的幼稚的方法是将线性迭代的范围内，乘以在所述范围内的每个数。

The naive way would be to linearly iterate the range and multiply with each number in the range.

例：数组：{1,2,3,4,5,6,7,8,9,10}; 指数乘以3到指数8 2.假设一家立足指数。

Example: Array: {1,2,3,4,5,6,7,8,9,10}; Multiply index 3 to index 8 with 2. Assuming one based index.

结果数组应该是：{1,2,6,8,10,12,14,16,9,10};

Result array should be : {1,2,6,8,10,12,14,16,9,10};

我知道二进制索引树可以用于'总和的一部分。我怎样才能有效地乘以给定的范围内有多少？

I know that Binary indexed tree can be used for the 'sum' part. How can I efficiently multiply a given range with a number?

推荐答案

如果你想真正修改数组，你不能这样做比天真的线性算法更好的：你必须遍历整个范围并相应修改各项指标

If you want to actually modify the array, you can't do better than the naive linear algorithm: you have to iterate the entire range and modify each index accordingly.

如果你的意思是这样，你有更新的操作，如您所描述和查询操作查找范围内的总和，从X到Y ，然后段树可以帮助像这样。

If you mean something like, you have update operations like you described and a query operation find the sum in the range from x to y, then a segment tree can help like so.

对于每个更新操作左，右，值，每个节点包含在相关联的范围[左，右] ，其总和被乘以值，所以更新此相应，并停止继续进行递归。这也将适用于间隔您不会递归的，所以不是实际更新的总和，店里的每个节点及其关联的区间多少乘以。

For each update operation left, right, value, for each node with an associated range included in [left, right], its sum gets multiplied by value, so update this accordingly and stop proceeding with the recursion. This will also apply to intervals you will not recurse on, so instead of actually updating the sum, store in each node how much its associated interval was multiplied by.

在从递归返回时，你可以根据这些信息重新计算的实际金额。

When returning from recursion, you can recompute the actual sums according to this info.

伪code

Update(node, left, right, value):
  if [left, right] does not intersect node.associated_range:
    return     

  if [left, right] included in node.associated_range:
    node.multiplications *= value # 1 initially
    return

  Update(node.left, left, right, value)
  Update(node.right, left, right, value)

  node.sum = node.left.sum * node.left.multiplications +
             node.right.sum * node.right.multiplications

基本上，每个节点将只考虑在子段中的乘法存储其总和。其真正的总和将被懒洋洋地在查询过程中使用有关，影响该时间间隔的乘法信息计算出来的。
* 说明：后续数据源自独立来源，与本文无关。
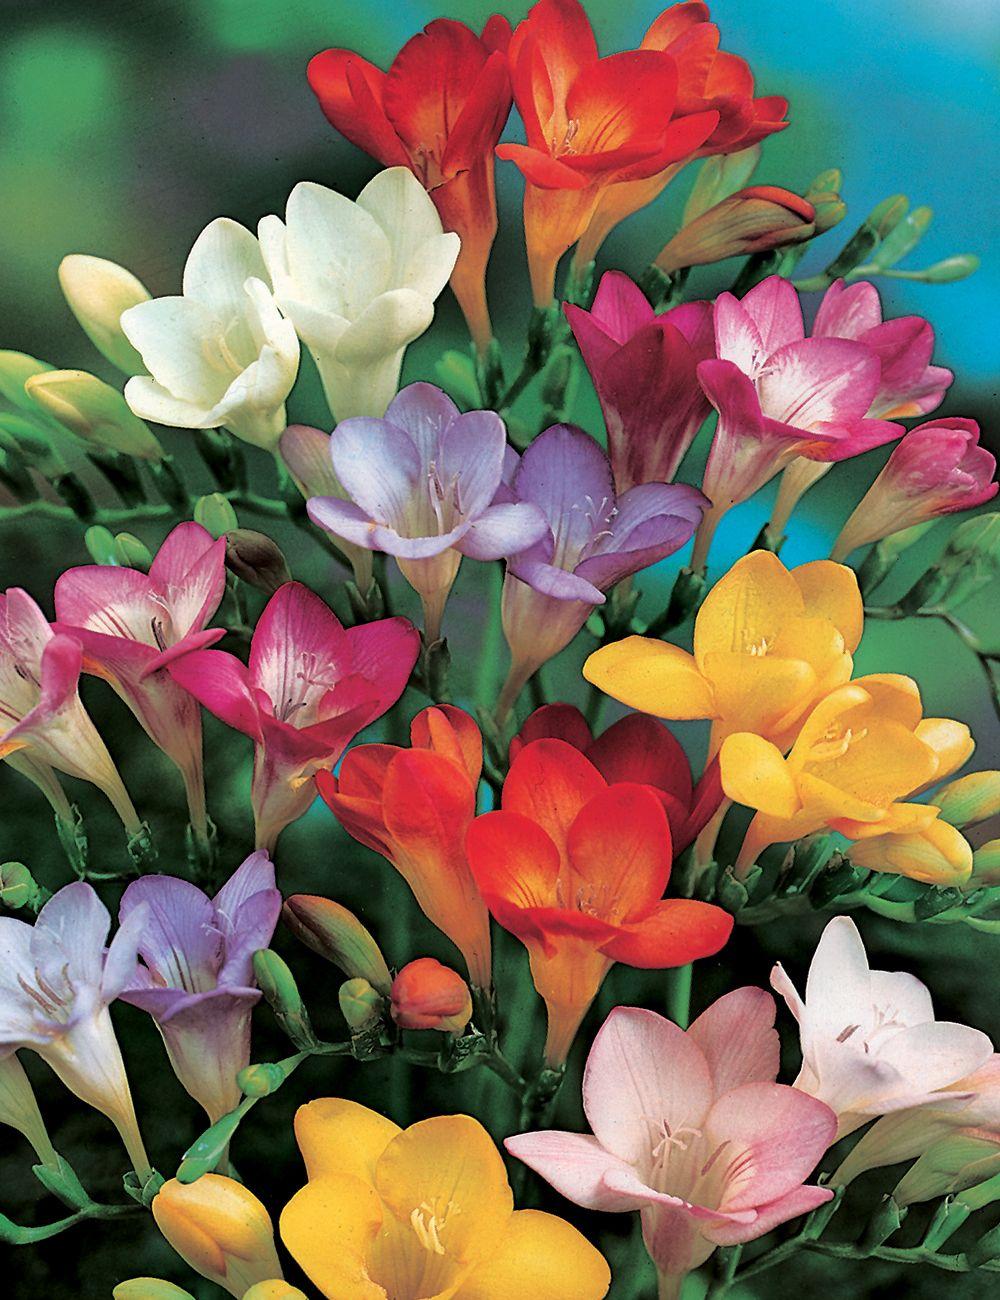 Burgunden Freesias Mixed Tesselaar In 2020 Freesia Flowers Happy Flowers Fresia Flower
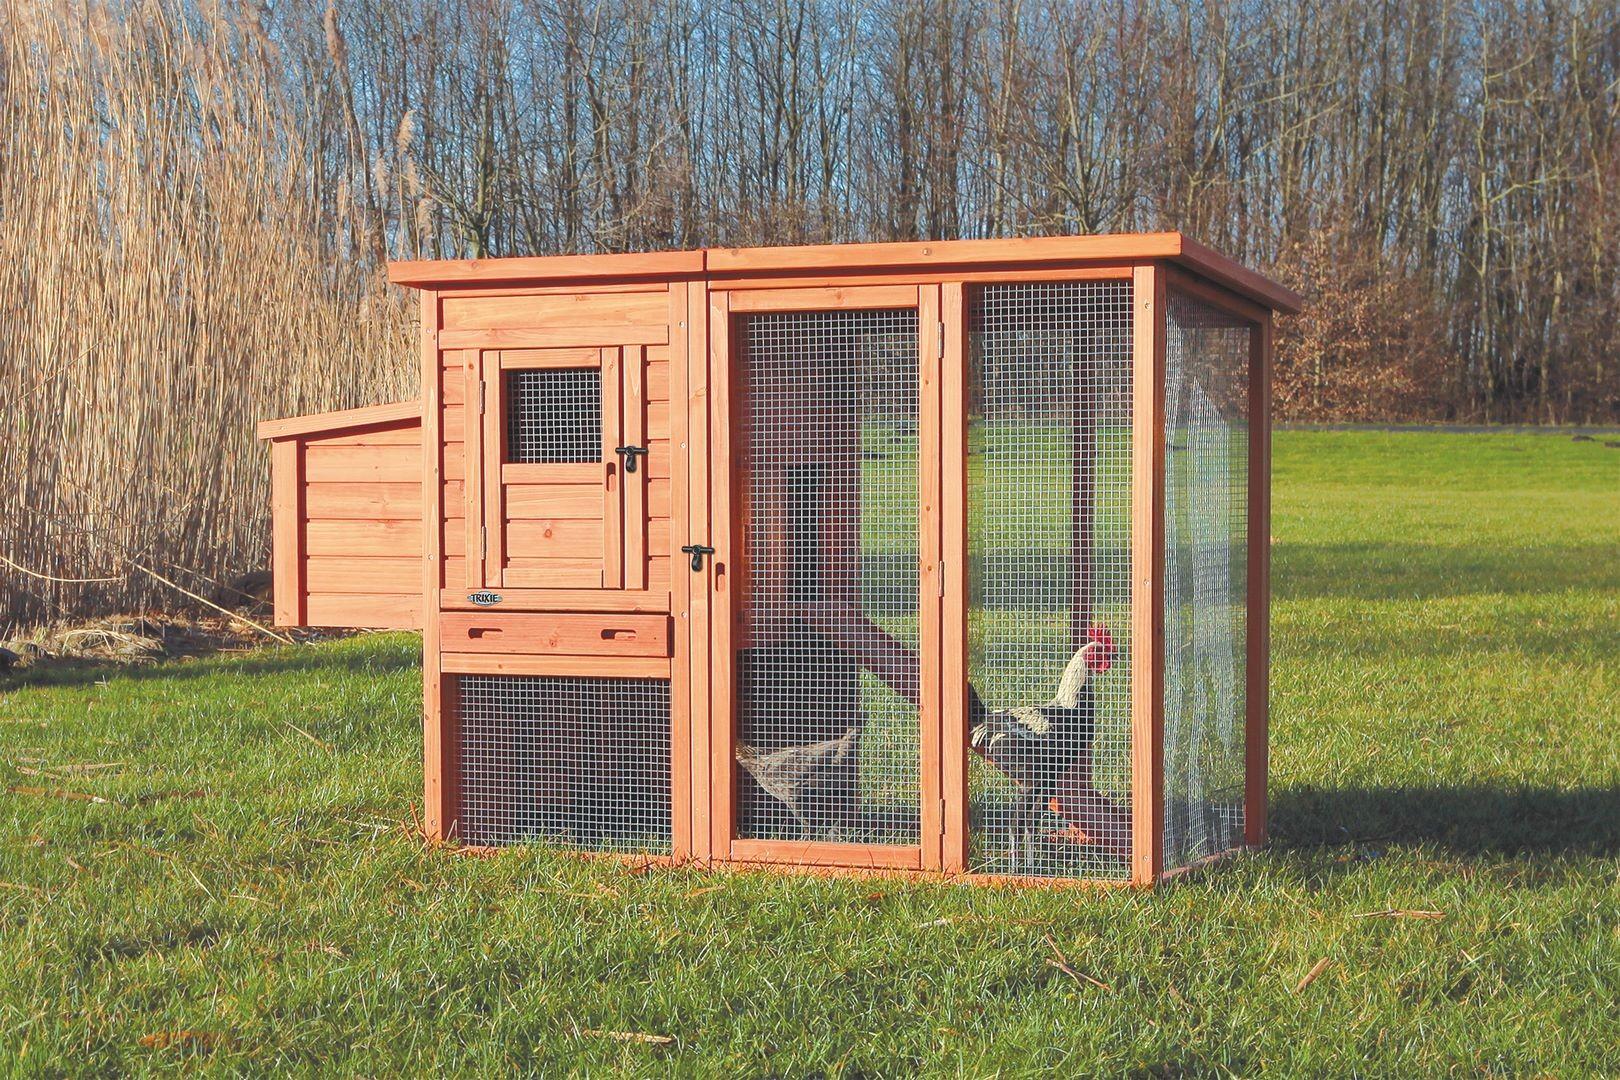 Poulailler avec cour extérieure en bois - 170 × 105 × 77 cm

Basically, each node will store its sum by only considering the multiplications in child segments. Its true sum will be lazily computed during a query by using the information regarding the multiplications that affected that interval.

一个总和查询，然后进行几乎像一个段树通常查询：只要确保繁衍的款项由他们或父母间隔多少乘以

A sum query is then performed almost like a usual query on a segment tree: just make sure to multiply the sums by how much them or parent intervals were multiplied by.

伪code

Query(node, multiplications = 1, left, right):
  if [left, right] does not intersect node.associated_range:
    return 0     

  if [left, right] included in node.associated_range:
    return node.sum * multiplications

  return Query(node.left, multiplications * node.multiplications, left, right) +
         Query(node.right, multiplications * node.multiplications, left, right)

这是最初建立的树作为一个练习的功能（你可以做的比要求更新更好一点 N 次）。

The function that initially builds the tree is left as an exercise (you can do a bit better than calling update n times).